I was immediately captivated by the first poem he sent: Ithaka - Cavafy's thoughts on our life journey as filtered through the travels of Odysseus to his homeland.

Many of his poems are homo-erotic in nature and must have scandalized the society of his time. Gray, is an evocation of long-ago love recalled.

While looking at a half-gray opal
I remembered two lovely gray eyes—
it must be twenty years ago I saw them...
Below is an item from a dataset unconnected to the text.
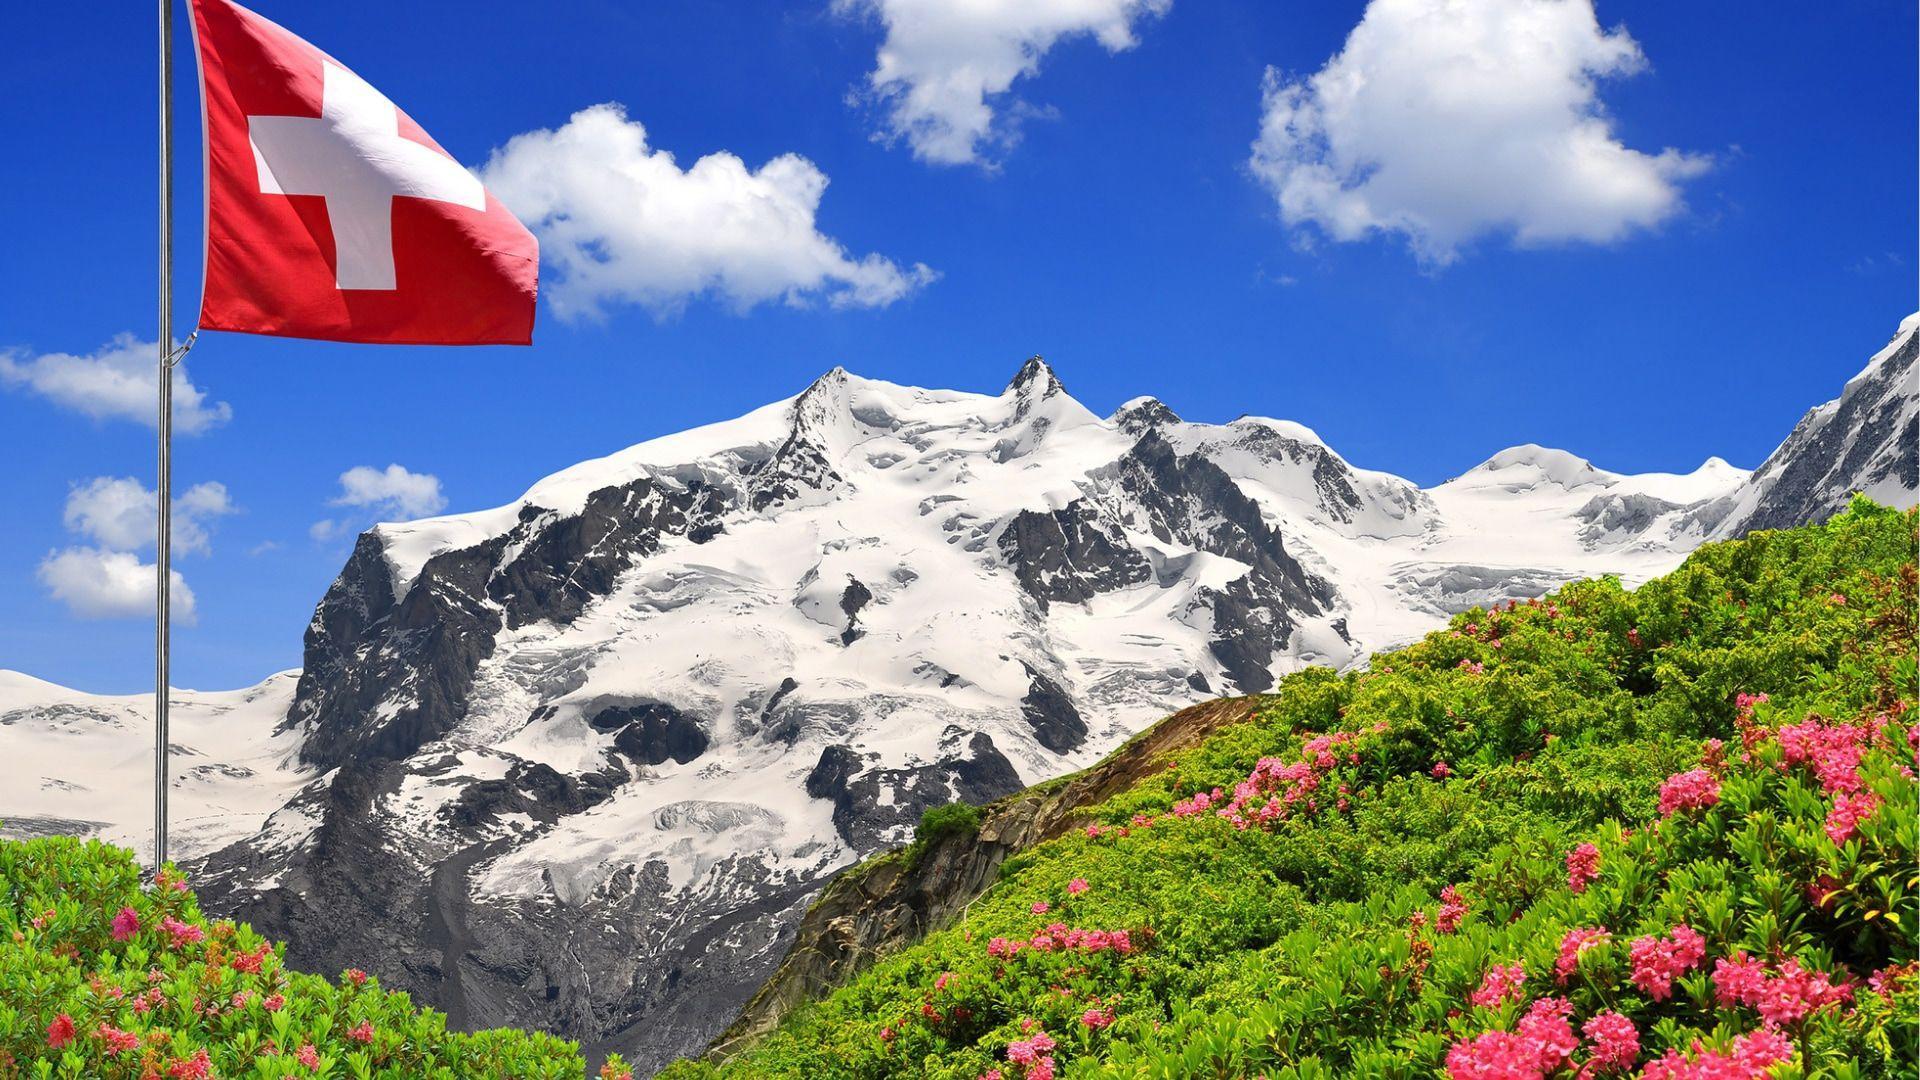 Įstabus Šveicarijos kalnų vaizdas

........................................

We were lovers for a month.
Then he went away to work, I think in Smyrna,
and we never met again.

Those gray eyes will have lost their beauty—if he’s still alive;
that lovely face will have spoiled.

Memory, keep them the way they were.
And, memory, whatever of that love you can bring back,
whatever you can, bring back tonight.

C.P. Cavafy, Collected Poems.
Translated by Edmund Keeley and Philip Sherrard.
Edited by George Savidis. Revised Edition.
Princeton University Press, 1992
I found myself remembering for a few moments a pair of eyes from my past. Thank you Yannis.

26 giugno - San Virgilio

Saturday, June 14, 2008

"Quote... Unquote"

I'm currently reading the 4th in Alexander McCall Smith's 44 Scotland Street series: The World According to Bertie. And I broke up when I read this passage:
'This story concerns Charmian Mao,' said Humphrey. 'He was said to have a very good sense of humour. He was asked once what he thought would have happened had it been Nikita Khrushchev rather than President Kennedy who had been assassinated. He thought about it for a moment and then said: " Well, one thing is certain: Aristotle Onassis would never have married Mrs. Khrushchev!" '
McCall Smith is the creator of the wonderful Precious Ramotswe, a woman of "traditional build," traditional values, owner of The No. 1 Ladies' Detective Agency and Botswana's only Lady Detective. I have yet to see the BBC screen adaptation of the first novel (it was director Anthony Minghella's last project) which was aired on Easter Sunday in the U.K. The reviews were mixed with most critics finding that the sweet, gentle nature of the books just didn't make it to the screen. I'm hoping BBC World will get around to showing it - maybe instead of the 200th rerun of Good Neighbours - so I can see for myself.